Johnson calls election a ‘stark choice’ as UK goes to polls

Telegraph poll says the Conservative lead is down to five points

 Boris Johnson at the Copper Box Arena in London, on Wednesday. Britain’s prime minister spent the final day of the  campaign trying to persuade voters to  give him a governing majority. Photograph: Leon Neal/Getty Images

Boris Johnson at the Copper Box Arena in London, on Wednesday. Britain’s prime minister spent the final day of the campaign trying to persuade voters to give him a governing majority. Photograph: Leon Neal/Getty Images

 

Britain goes to the polls on Thursday in an election that will determine the future of Brexit and the economic direction of the country, as Boris Johnson attempts to secure a Conservative majority.

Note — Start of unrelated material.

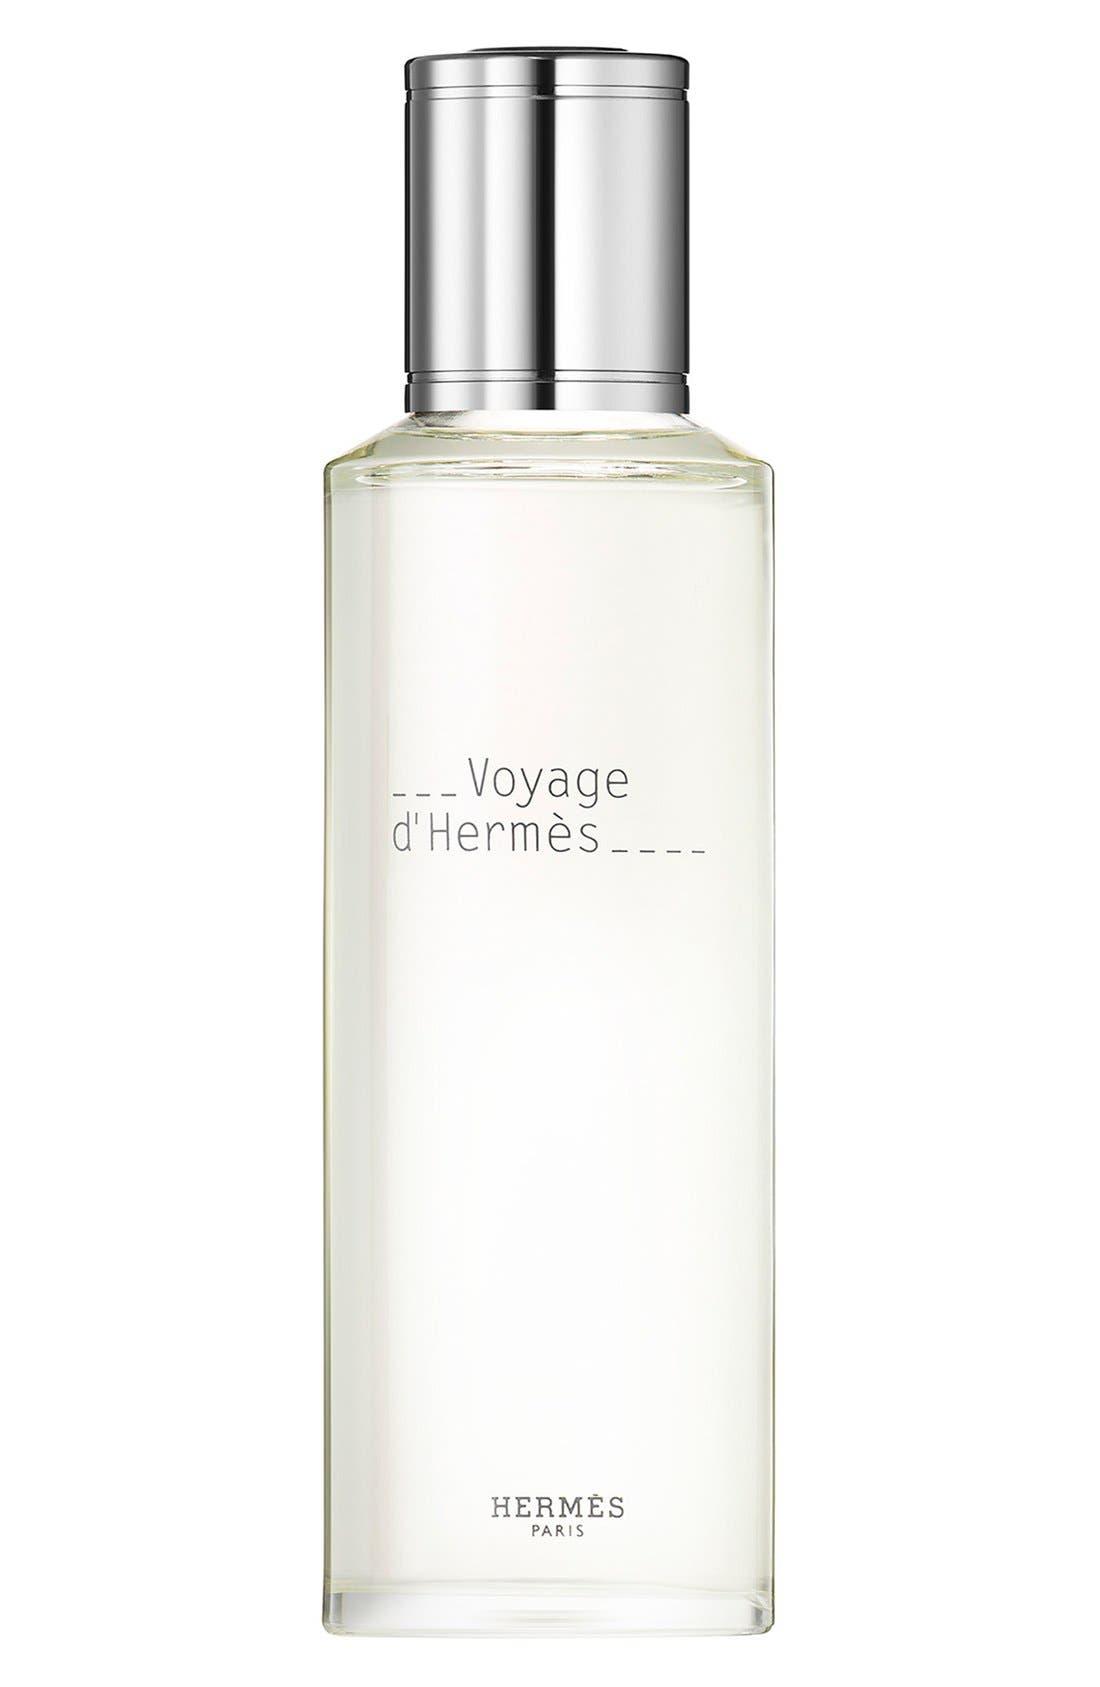 Hermès Voyage d'Hermès - Pure perfume refill

In his closing rally in east London on Wednesday night, the prime minister portrayed the election as a stark choice, accusing Labour leader Jeremy Corbyn of representing a threat to national security.

“This contest is tight and getting tighter,” the prime minister told hundreds of Conservative activists at an arena on the site of the 2012 Olympic Games.

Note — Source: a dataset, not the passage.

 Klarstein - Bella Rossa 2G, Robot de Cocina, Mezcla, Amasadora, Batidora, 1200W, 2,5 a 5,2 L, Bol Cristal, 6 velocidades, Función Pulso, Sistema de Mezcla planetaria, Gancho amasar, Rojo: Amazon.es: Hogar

Polls show the Conservatives with a nine-point lead over Labour and a YouGov analysis based on more than 100,000 interviews in the last week suggested that Mr Johnson was on course to win a 28-seat majority. But the poll’s margin of error also allows for a hung parliament with the Conservatives as the largest party. A poll by the Daily Telegraph and Savanta ComRes, published on Wednesday night, placed the Conservatives just five points ahead of Labour.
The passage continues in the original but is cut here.